# New member and new Sony A57 owner



## kenerickson

First I would like to say "hi" and thanks for having me!  It looks as if you have a very active forum.

I recently gave my Pentax K100d to my Daughter-in-law and replace it with a new Sony A57.  When we went camera shopping I was planning more along the lines of a Nikon but ended up with the A57. I take a lot of indoor pictures in a light box or light diffuser box. My initial impressions of the Sony A57 from a sharpness/color standpoint is not stellar. At this point I only have the 18-55 kit lens. Outdoor pictures really seem to be washed out and lacking detail? I am hoping by joining this forum I can learn the in's and out's of this camera. I did purchase a used Minolta Maxxum AF 50mm F1.7 prime lens, hoping this will help. I hope to have this lens in the next few days. Any and all comments or suggestions are more than welcome.

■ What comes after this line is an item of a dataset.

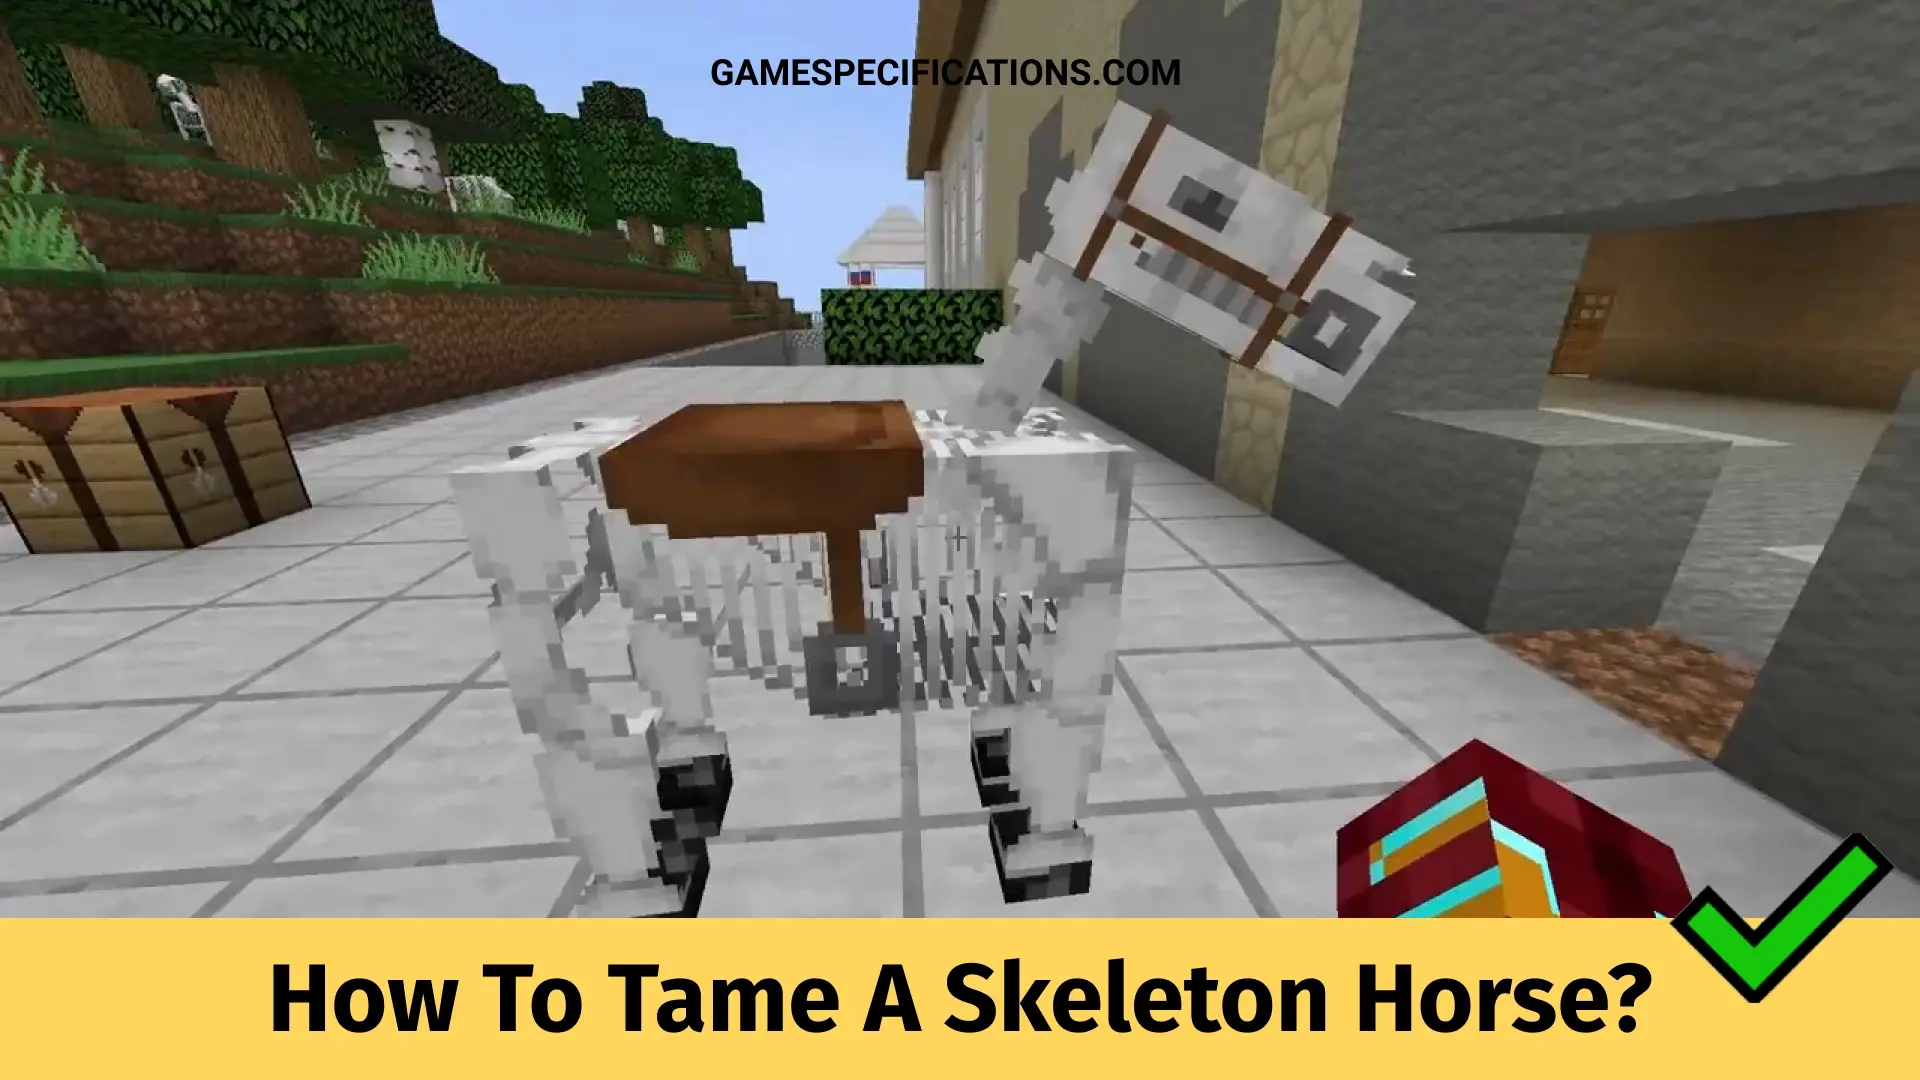 How To Tame A Skeleton Horse In Minecraft Game Specifications
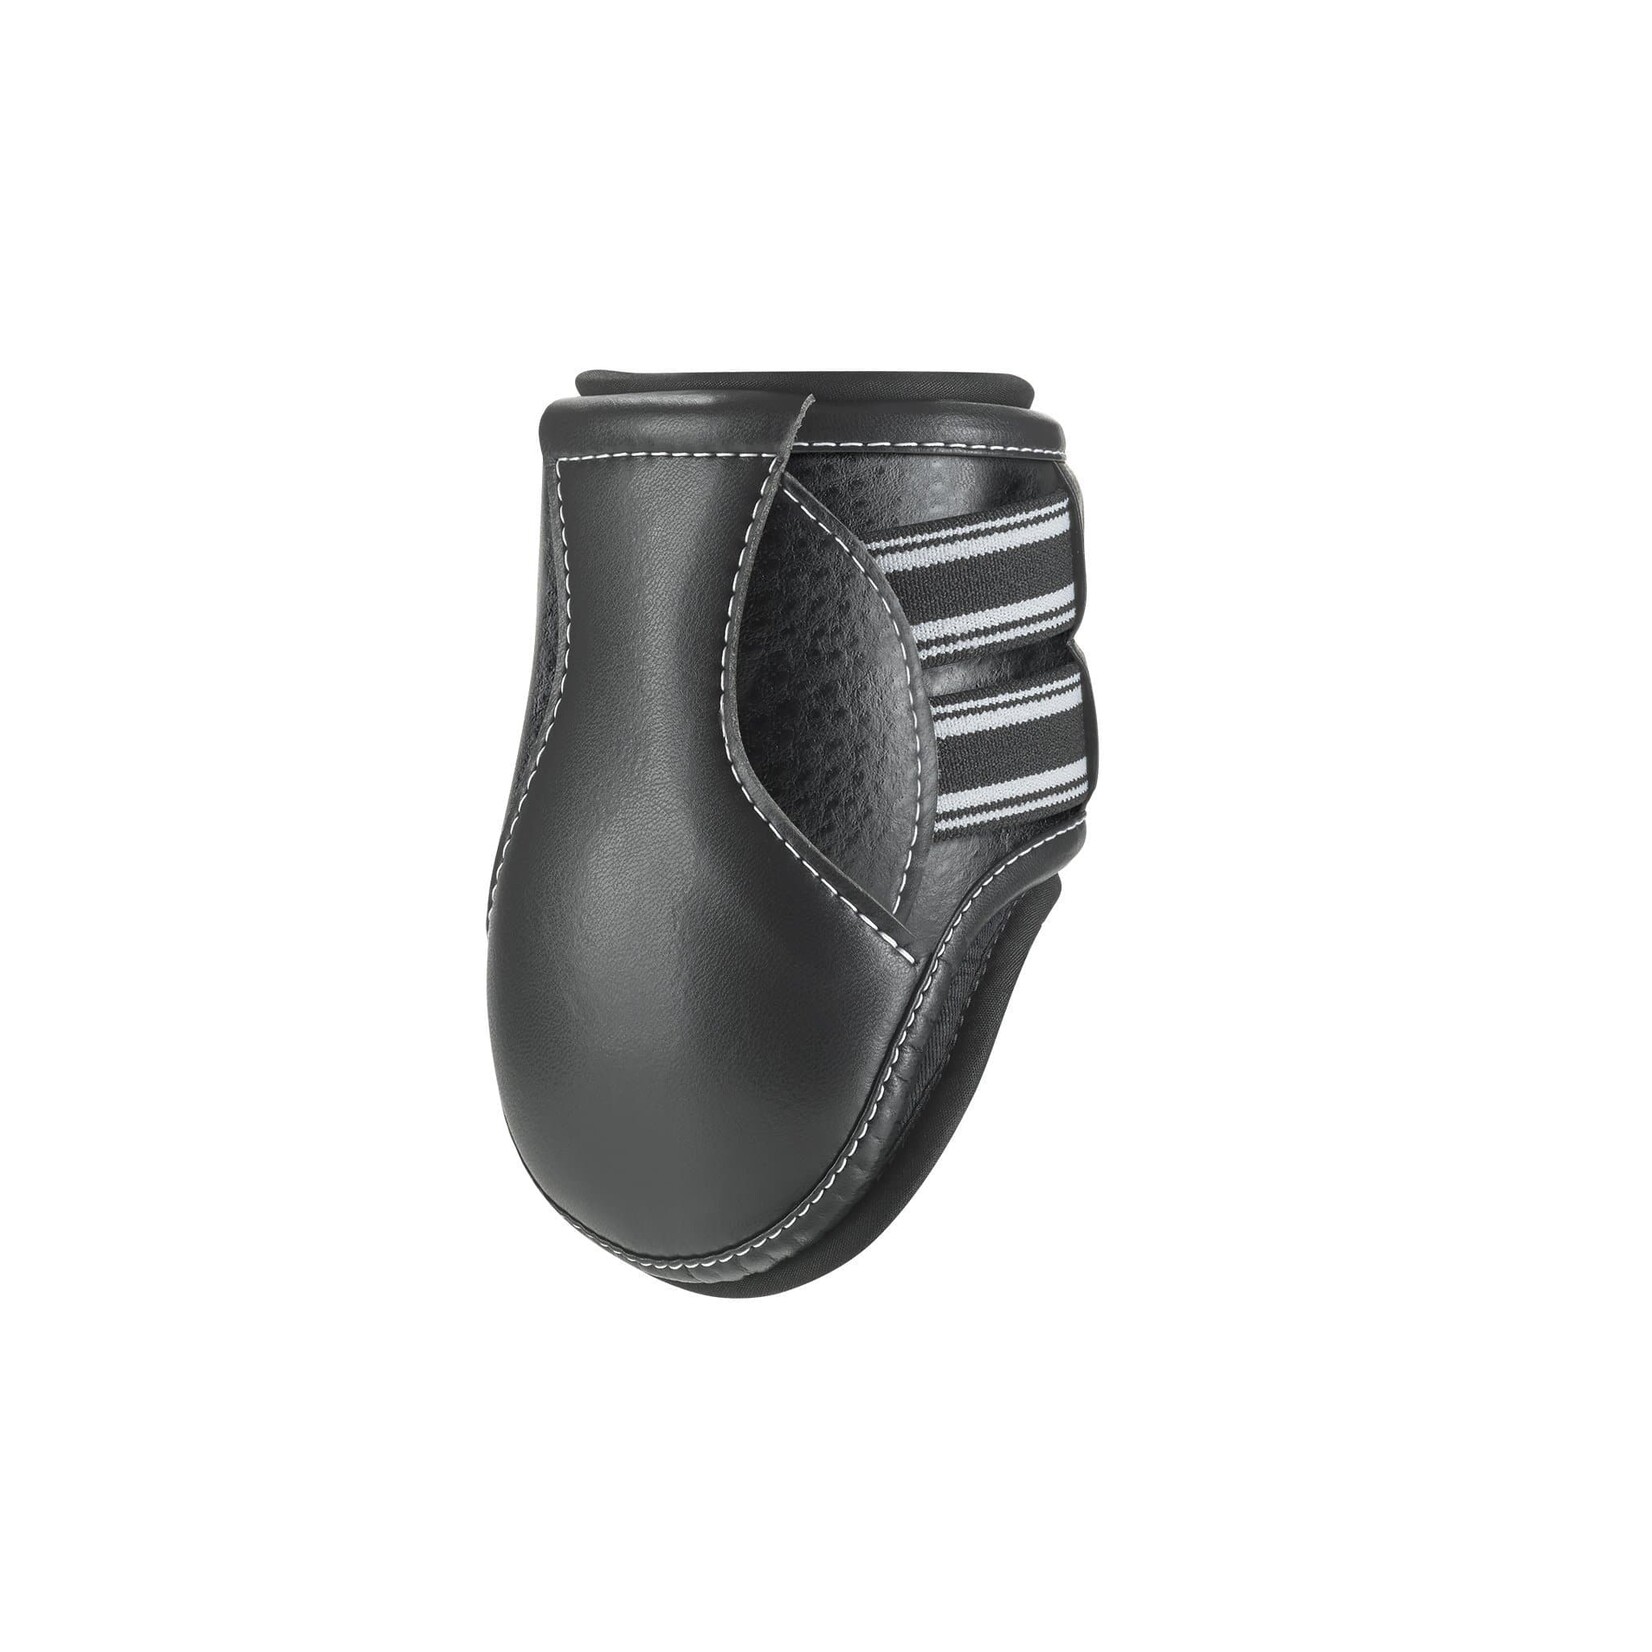 Equifit D-Teq Leather Ostrich Hind Boots

Here is one example of a outdoor picture. I was using the electronic zoom feature, but similar pictures taken without the zoom are no different.


----------



## jaomul

Welcome to the forum. Turn off your digital zoom feature forever. I advise you check your cameras default settings such as contrast and sharpness etc and see how you go. This is a very highly rated camera at the price point so I imagine a little tweaking will sort you out


----------



## dxqcanada

I have noticed on my SLT-A55 that the meter does tend to over-expose by 1/3-2/3 of a stop most of the time.

You shot in JPEG or RAW ?


----------



## kenerickson

Thanks for the replies so far!  I shoot in JPG.  I used to shoot in raw with my Pentax but have not figured how to load and edit raw in my version of Photoshop. 

I did receive the Minolta lens this afternoon and shot a quick picture under similar lighting conditions as the picture in the OP. I set the contrast, sharpness up two notches each from the factory center position on the camera. 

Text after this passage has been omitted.